→ **Problem description**
Leave every picture out, then reproduce the rest of the listing exactly.

→ **Source material**

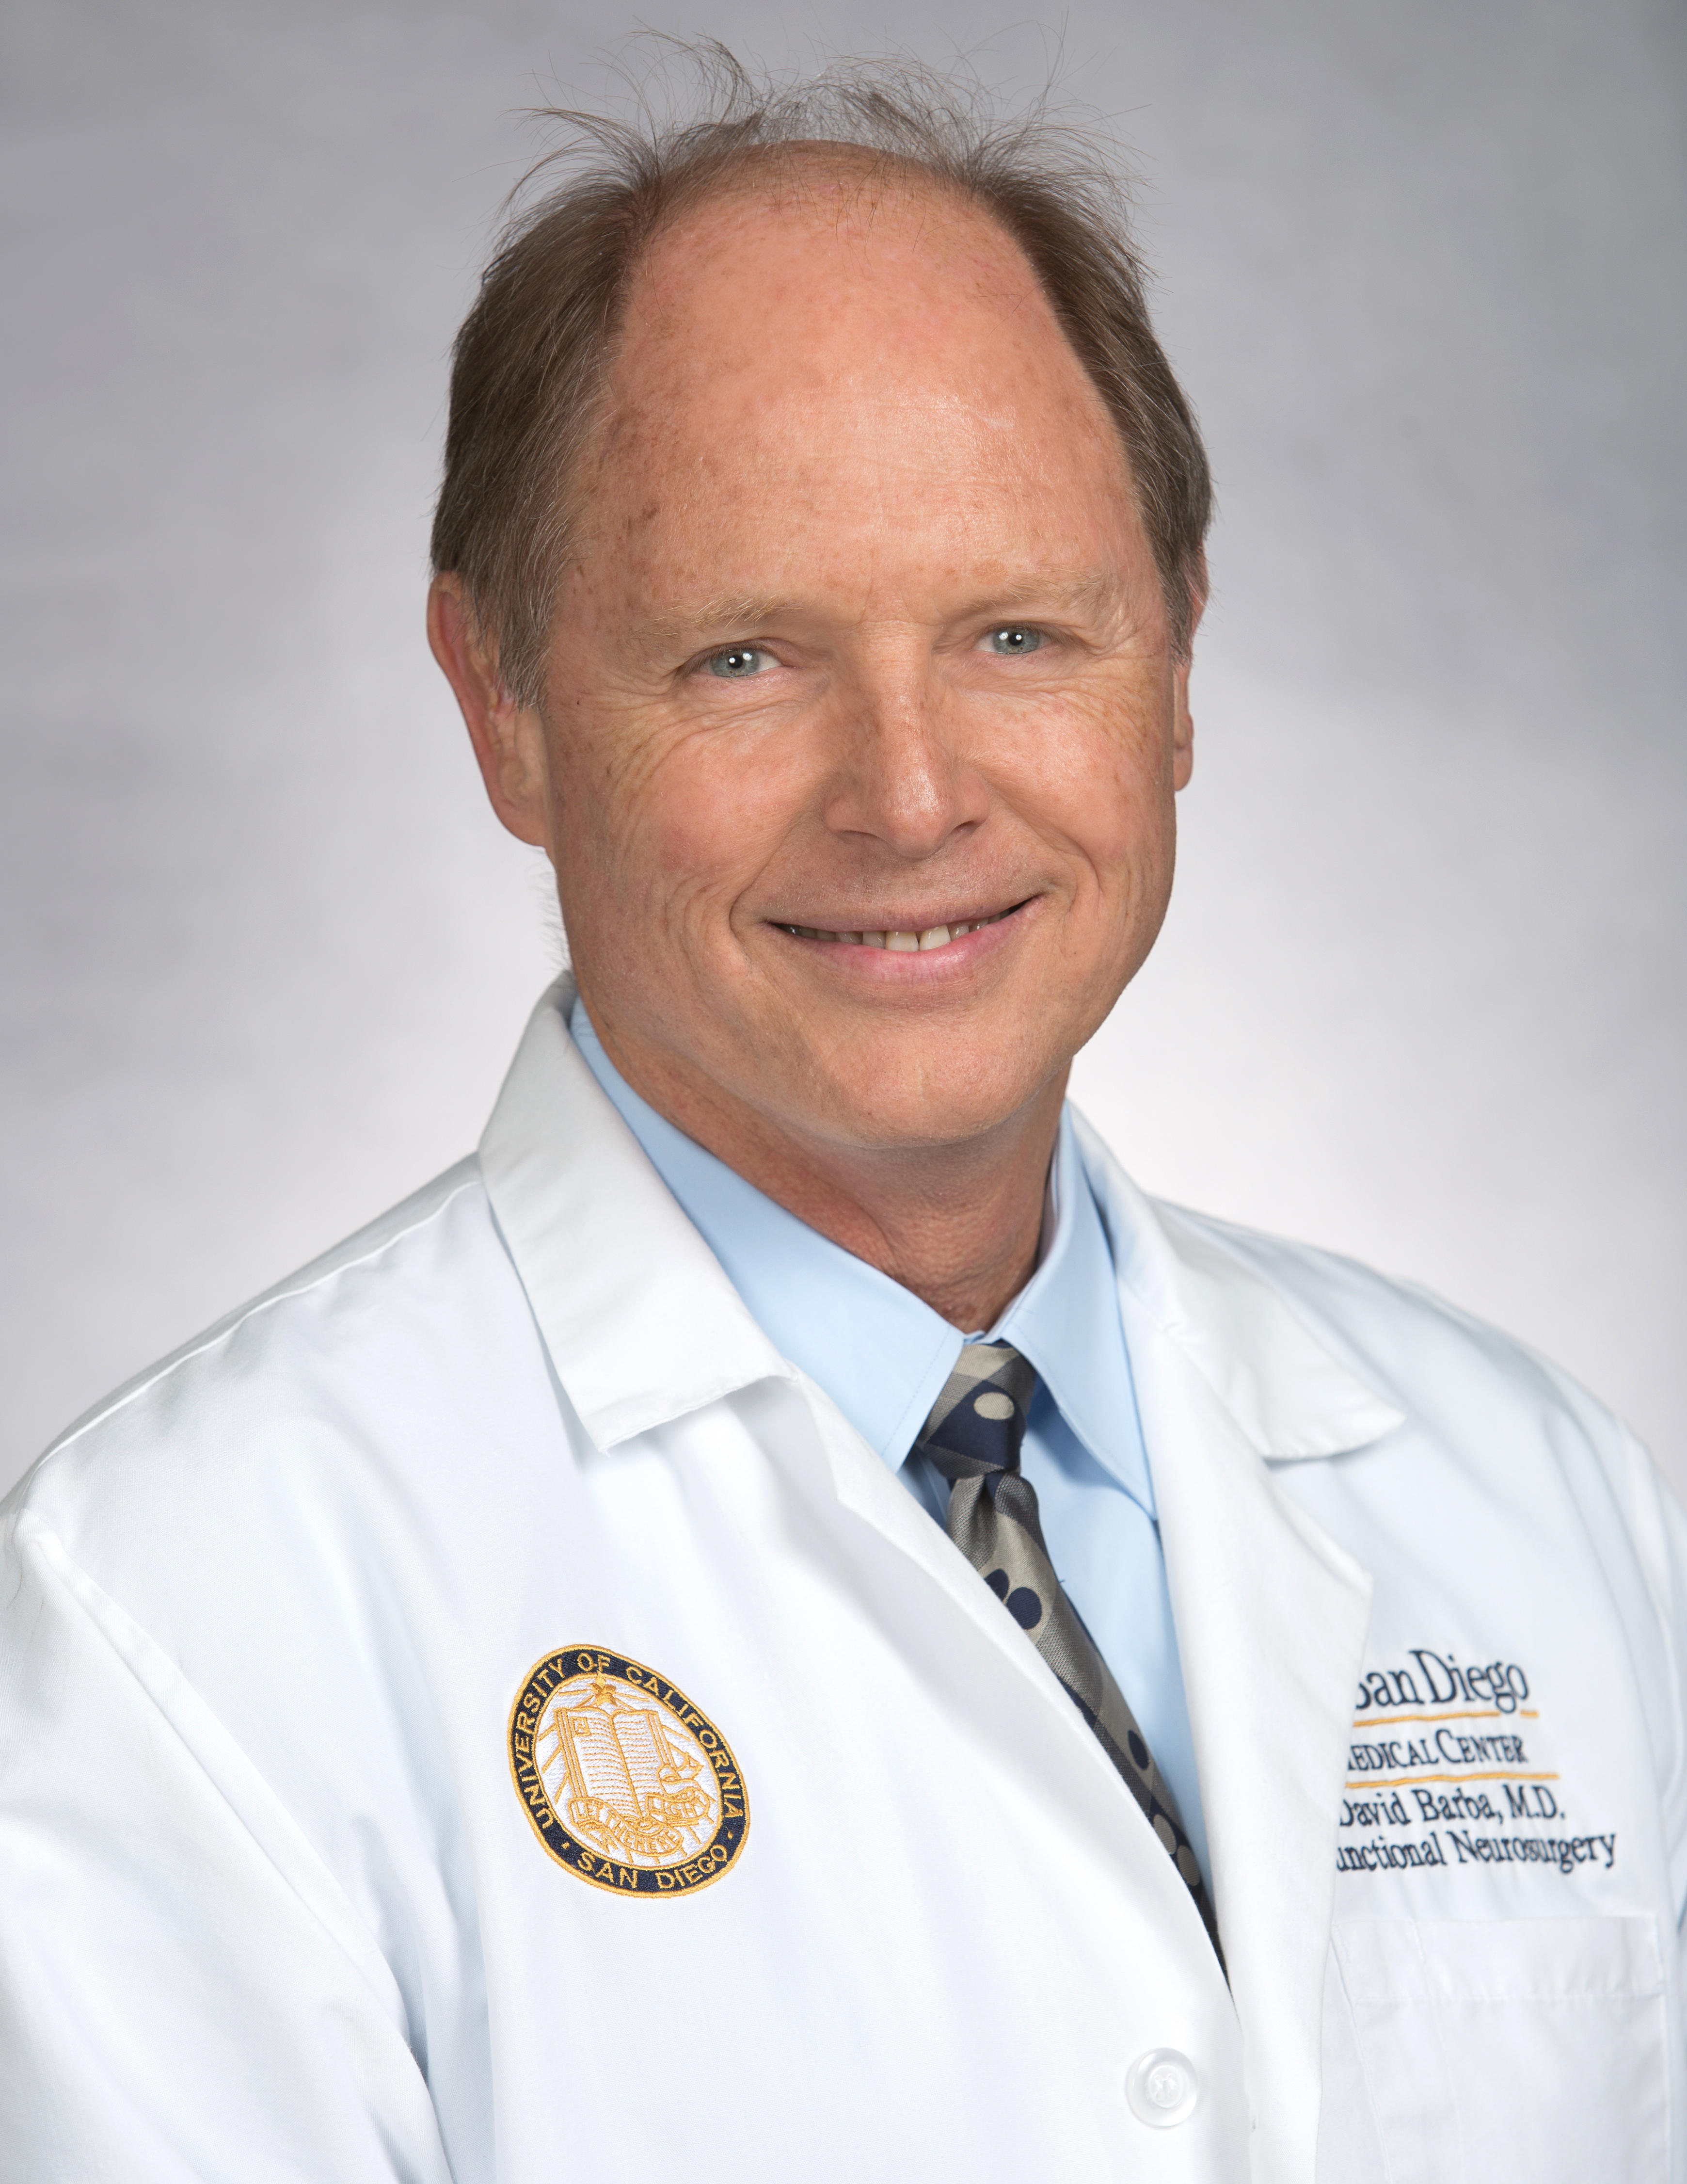 David Barba, MD
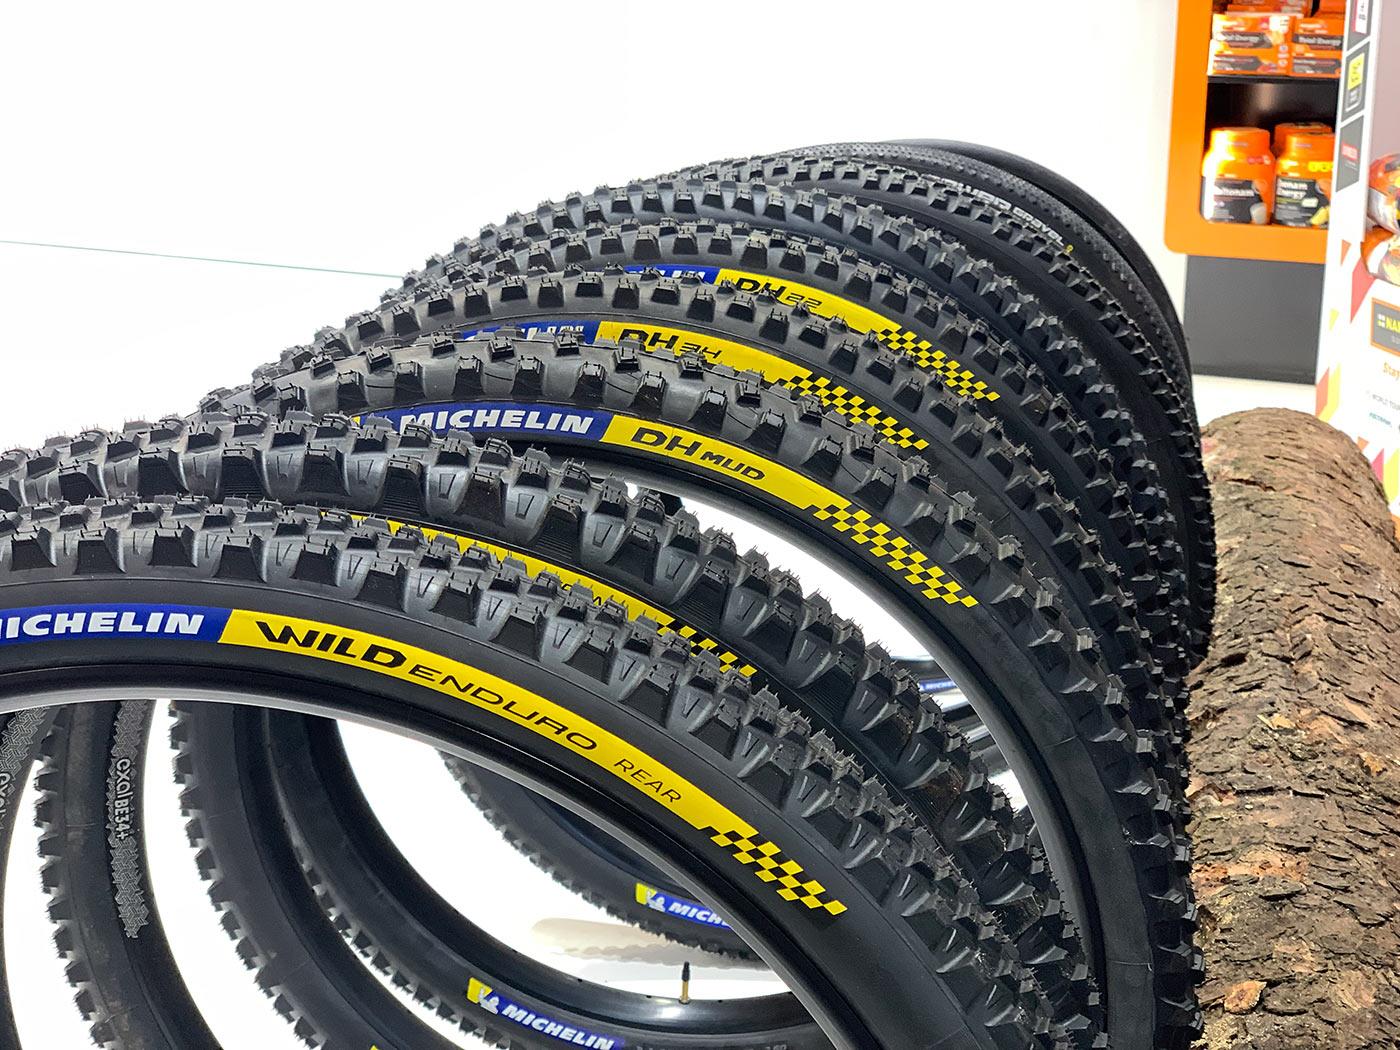 new michelin wild enduro mountain bike tire
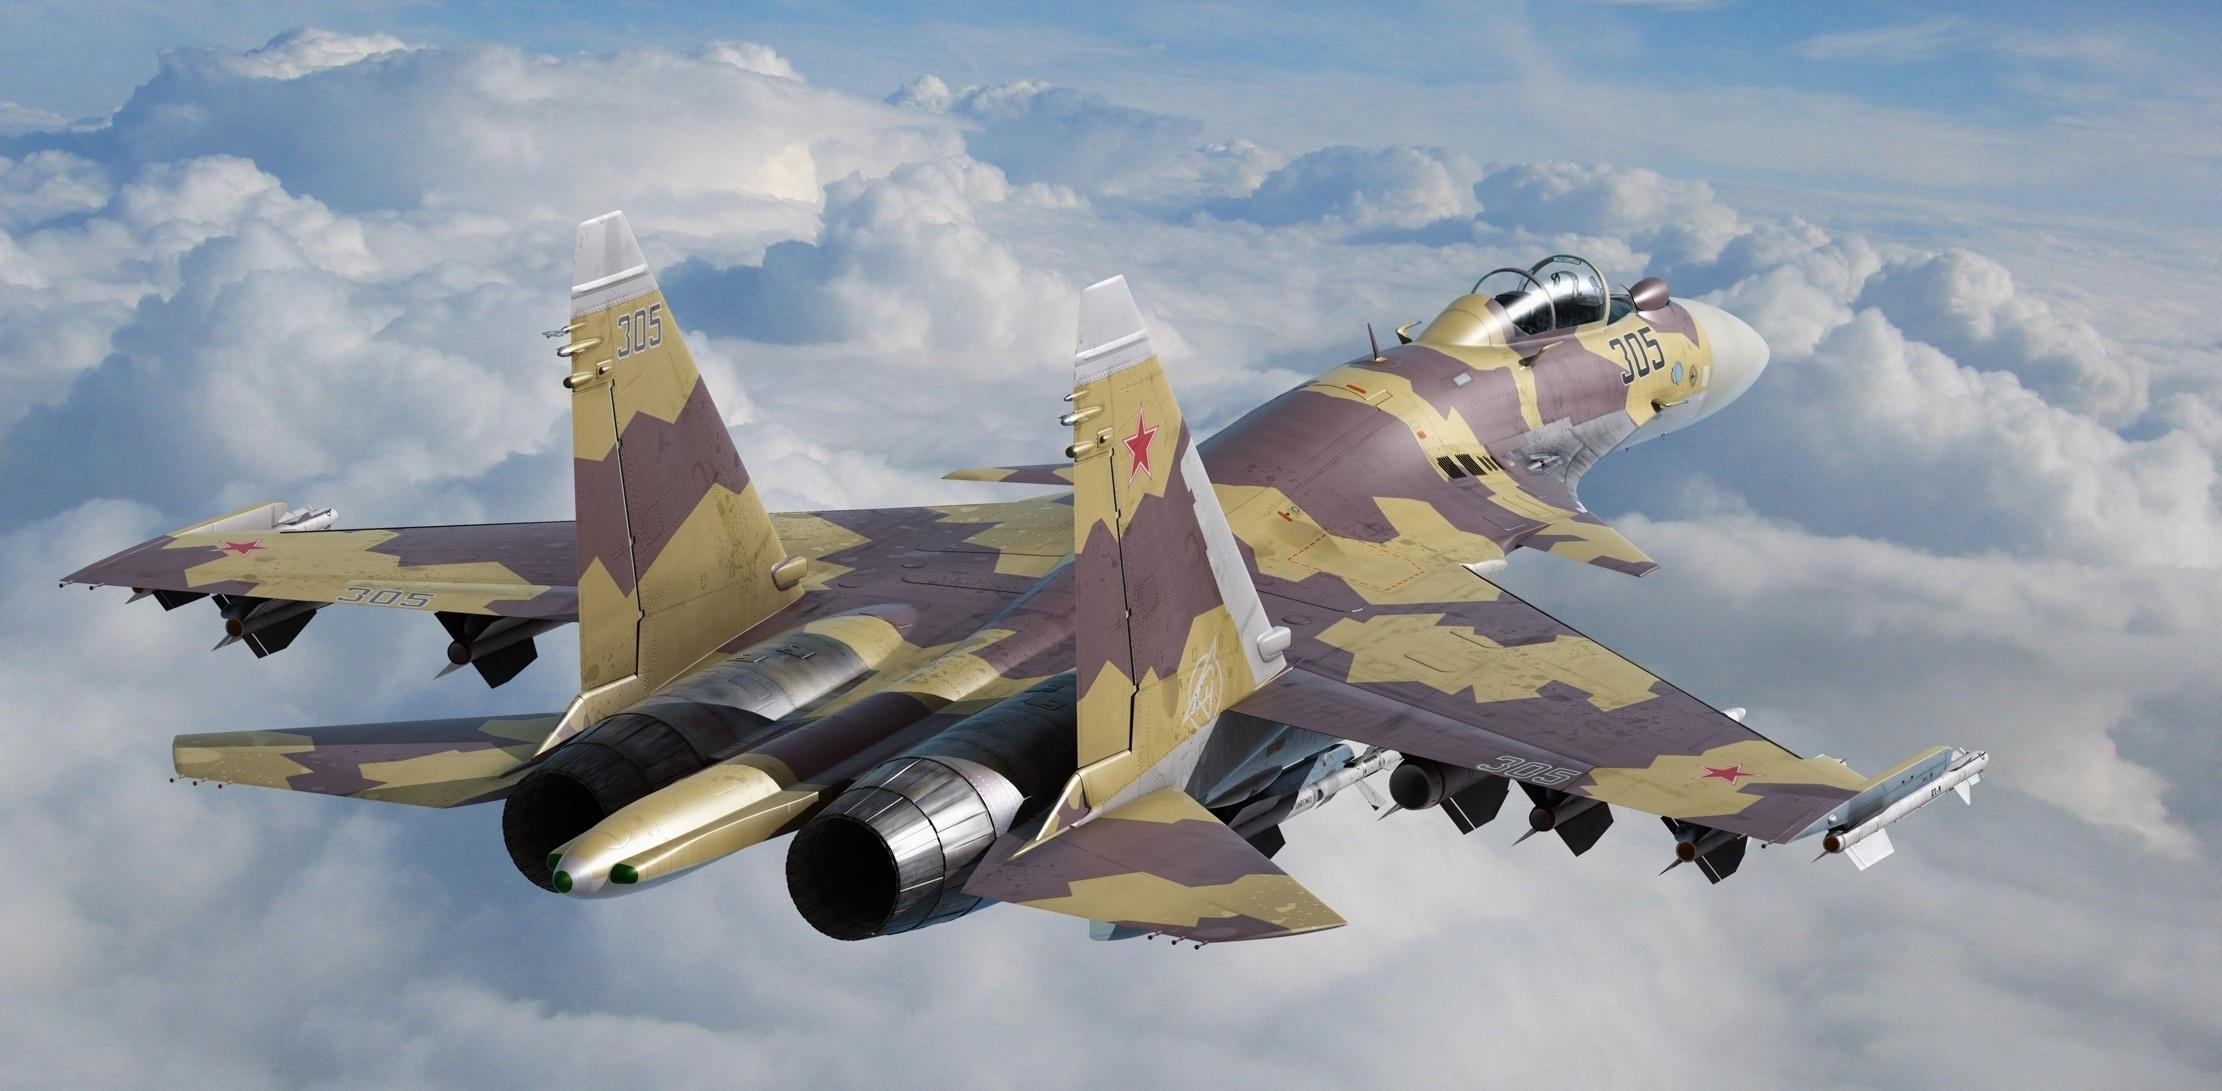 military picture sukhoi su - photo #15

→ **Result below**
 David Barba, MD
 new michelin wild enduro mountain bike tire
 military picture sukhoi su - photo #15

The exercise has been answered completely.